Quand elle eut terminé de bander lâchement la baudruche qui finissait désormais le bras de Benoît, elle lui proposa un remontant qu’il refusa -pas avec les médicaments- donc Chloé s’installa à côté de lui sur un tabouret traîné depuis la cuisine avec un verre bien trop rempli au goût de sa tante.

«- Tu disais que tu voulais parler d’un problème qui touchait tout le monde. À priori, les photos ne sont que le tien.

- Le nôtre. Toi, tu n’as plus le droit de démarrer des oeuvres qu’il n’ait pas approuvées, et moi…

- Comment?»

Benoît lui expliqua alors que le vicomte craignait tant qu’elle vende via une autre agence ou société que la sienne qu’il lui était désormais interdit de produire sans son consentement.

C’était une restriction de son droit le plus élémentaire en tant qu’artiste: celui de créer. Impossible. Inadmissible.

«- Ton téléphone.

- Comment?

- Ton téléphone, Benoît, j’appelle le vicomte de ce pas.

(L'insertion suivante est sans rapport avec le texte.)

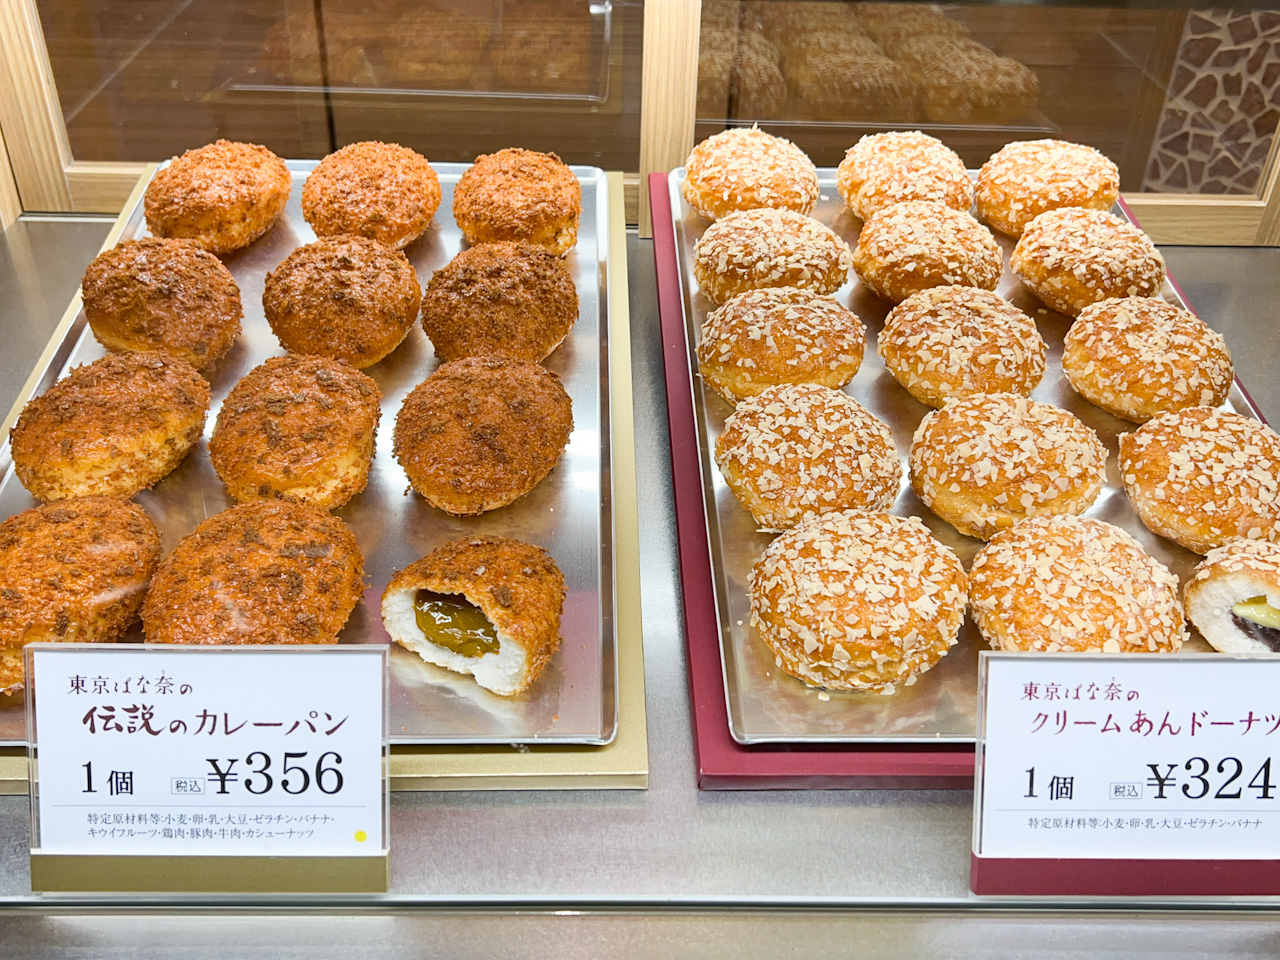 2002年に東京・丸の内１丁目にお店をオープンしてた頃、に1日2千食を売り上げた伝説のカレーパンを、今回20年の時を経て復活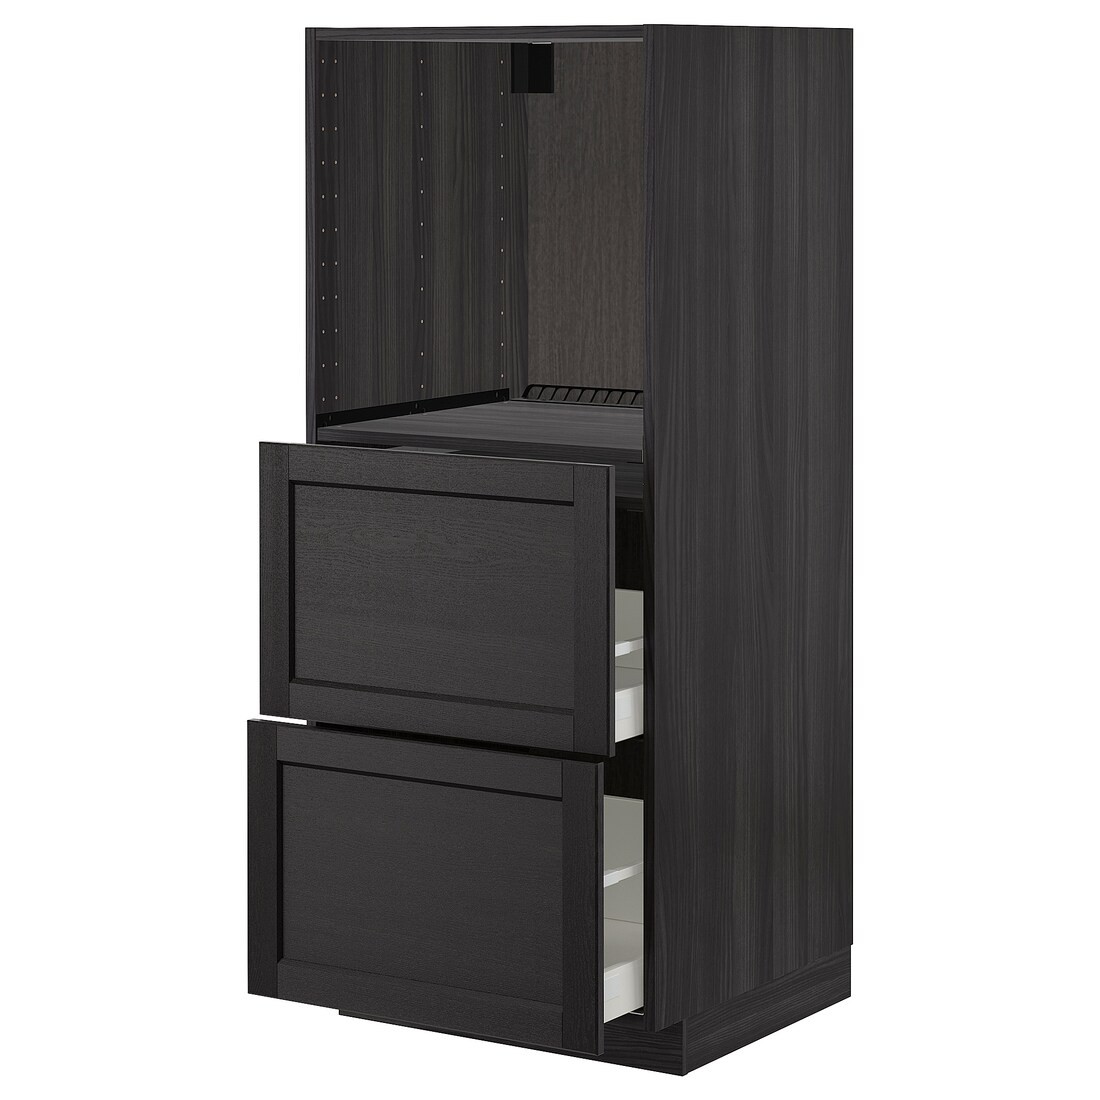 IKEA METOD МЕТОД / MAXIMERA МАКСИМЕРА Высокий шкаф с 2 ящиками для духовки, черный / Lerhyttan черная морилка, 60x60x140 см 79270602 792.706.02

- Certainement pas, tu lui parleras quand tu seras calmée et que nous aurons réfléchi à une solution.

- C’est tout réfléchi: je démissionne!

- Exactement ce que je veux éviter. Tes clauses de rupture de contrat sont draconniennes, tu te retrouverais endettée au moins au triple de l’actuel.

- As-tu seulement un idée de ce que je dois?»

Benoît ne répondit pas. Elle était la seule à connaître le montant exact de la facture, personne ne lui ferait croire que le petit ébéniste du vicomte avait trouvé l’information… mais Ruby disposait sans doute d’un ordre de grandeur qu’elle aurait pu lui communiquer.